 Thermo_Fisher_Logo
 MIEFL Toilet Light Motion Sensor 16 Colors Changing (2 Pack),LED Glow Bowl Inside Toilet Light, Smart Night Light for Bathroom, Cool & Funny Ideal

______________________________

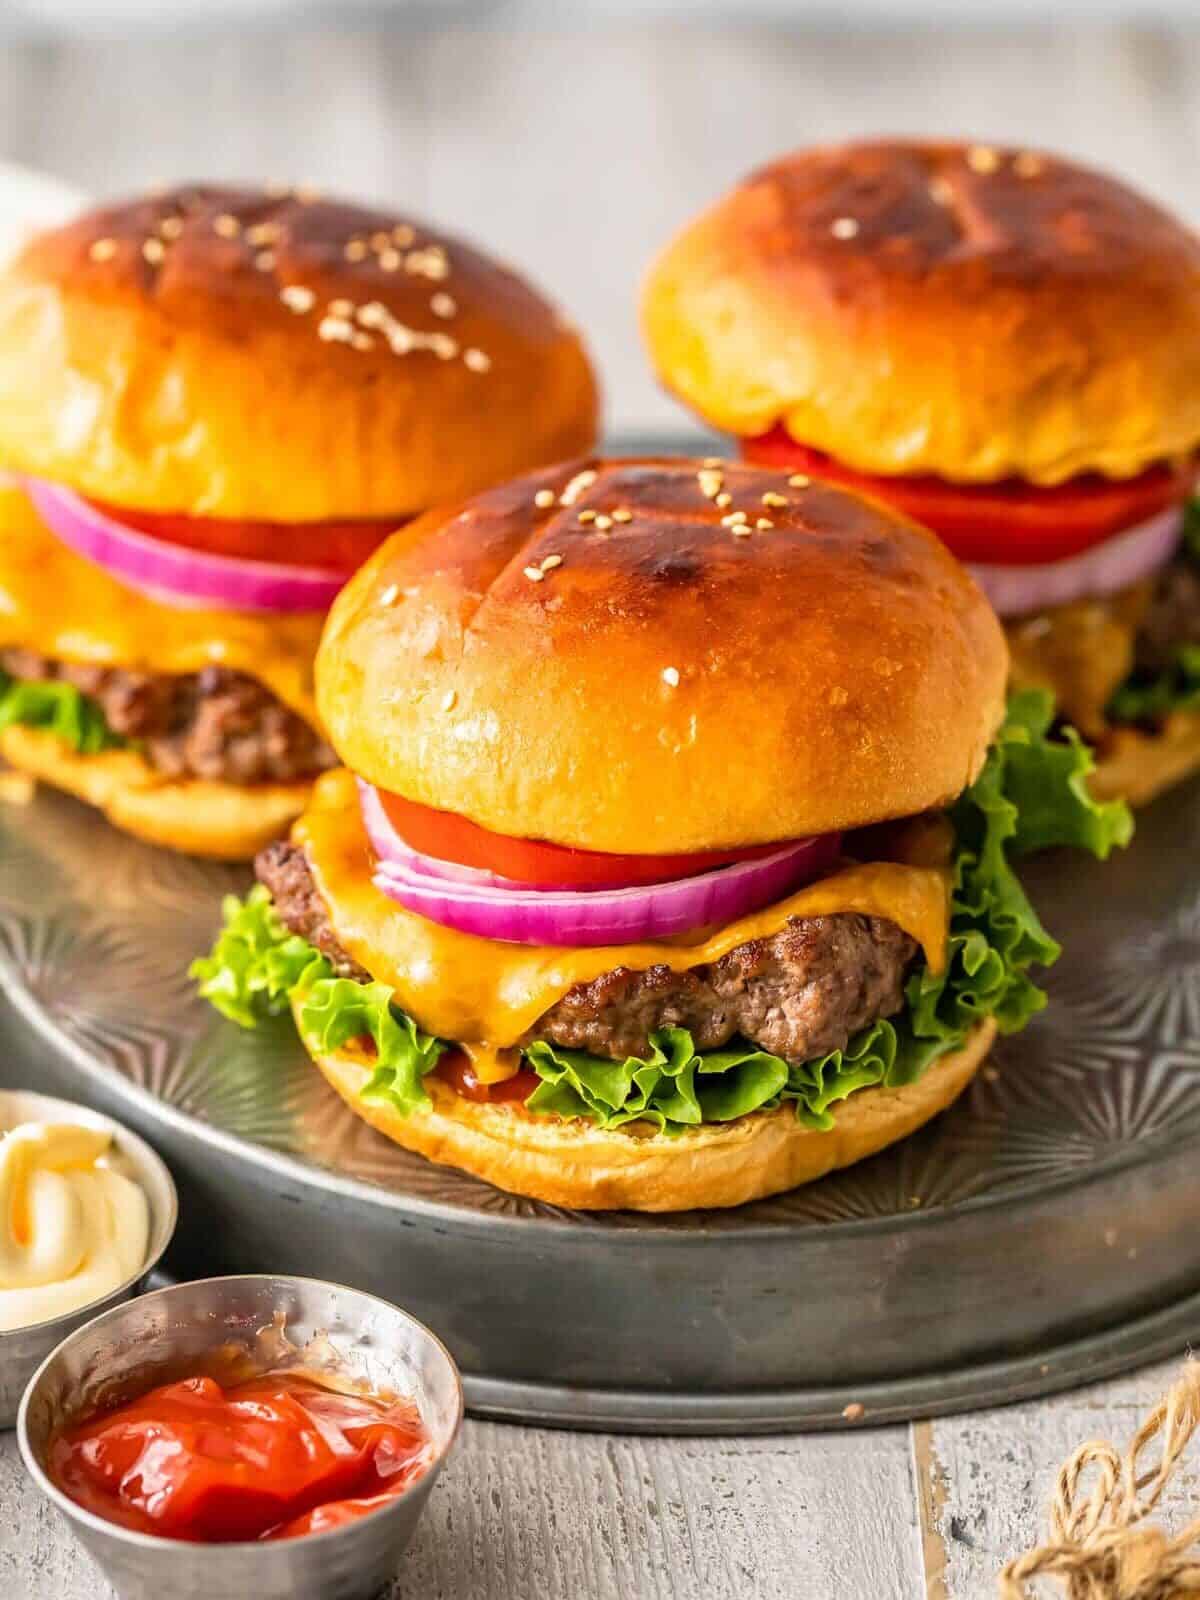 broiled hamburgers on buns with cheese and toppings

______________________________

*Task*. All lines in the listing above between the line with "Thermo_Fisher_Logo" and the line with "MIEFL Toilet Light", inclusive, should be set down exactly, and no line outside that range.

*Solution to the exercise*.
 Thermo_Fisher_Logo
 MIEFL Toilet Light Motion Sensor 16 Colors Changing (2 Pack),LED Glow Bowl Inside Toilet Light, Smart Night Light for Bathroom, Cool & Funny Ideal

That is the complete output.